AI Training Data Quality is an MCP server that performs automated training data quality assessment, bias detection, and governance scoring for AI teams. It queries seven specialized data sources in parallel (AI Training Data Curator, GitHub, ArXiv, Semantic Scholar, Hacker News, Wikipedia, and Data.gov) to produce per-dataset quality scores, bias reports, provenance chains, governance grades, trend rankings, and model-data fit assessments. No API keys or configuration are required.
How to use AI Training Data Quality?
Add the server URL to any MCP-compatible client (Claude Desktop, Cursor, Windsurf) using the JSON configuration provided. Then invoke any of the eight tools with a query string (e.g., "medical imaging") and optional parameters for sources and result limits. Results return in 30–120 seconds.
Key features of AI Training Data Quality
- 8 specialized tools covering the full data evaluation lifecycle
- 7-source parallel querying with configurable result limits (1–100)
- Weighted composite quality scoring across 5 dimensions
- 7-type bias detection with severity escalation logic
- License scoring matrix for 20+ license types
- Cross-reference network building linking datasets to papers and repos
- 11 model type profiles for data-to-model fit assessment
- 5-dimension governance scoring with compliance status
Use cases of AI Training Data Quality
- Pre-training data audit for ML teams before committing compute resources
- EU AI Act compliance preparation with documented governance assessments
- Dataset discovery and landscape mapping across multiple registries
- Responsible AI documentation for boards, ethics committees, and procurement
- Research data due diligence for legal and compliance teams
FAQ from AI Training Data Quality
What tools does the server provide?
Eight tools: map_data_landscape, assess_dataset_quality, detect_bias_indicators, analyze_data_provenance, score_data_governance, track_dataset_trends, assess_model_data_fit, and generate_data_quality_report.
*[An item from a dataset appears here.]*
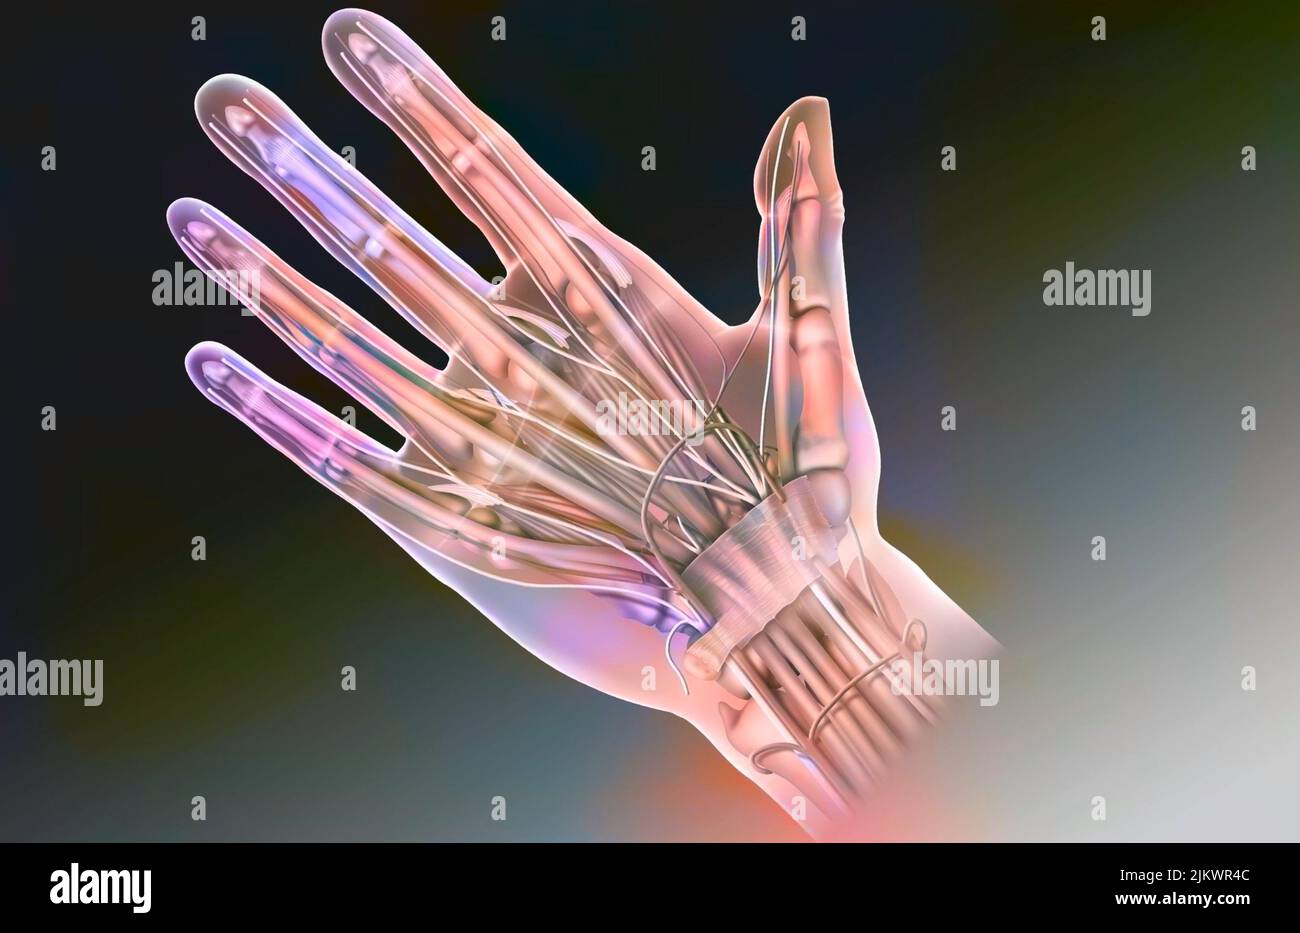 Anatomia del volto palmo della mano e del suo contenuto: Nervo mediano, tendini, arteria radiale. Foto Stock
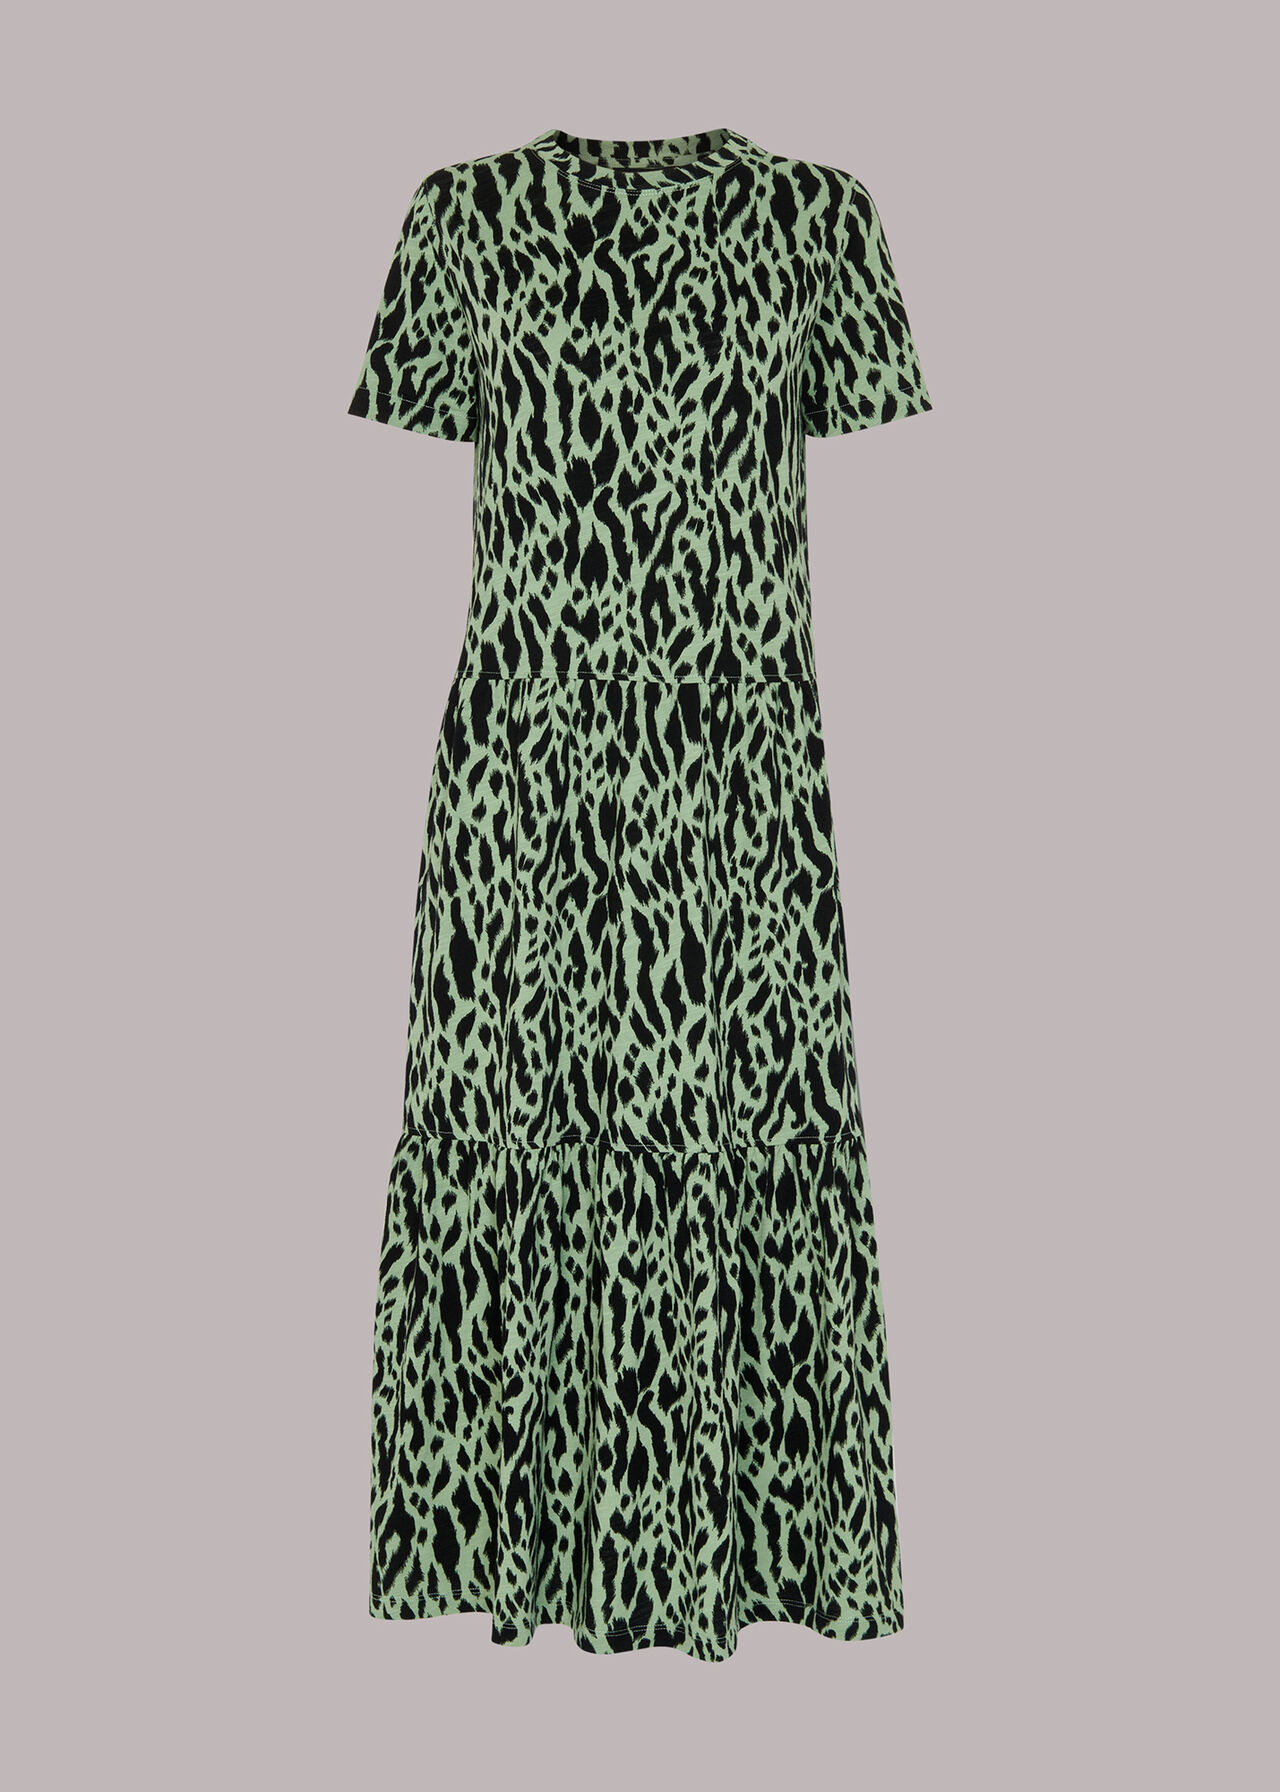 Zebra Tiered Jersey Dress

Do I need API keys or configuration to use it?
No, the server requires no API keys or configuration. Just add the server URL to your MCP client and start querying.
How much does each tool call cost?
Every tool call costs $0.045. The server also enforces a per-run spending limit via Actor.charge().
Can I use this server for EU AI Act compliance?
Yes, score_data_governance and generate_data_quality_report produce documentation suitable for EU AI Act Article 10 compliance.
How long does a query take?
Queries complete in 30–120 seconds, depending on the number of sources queried and result limits.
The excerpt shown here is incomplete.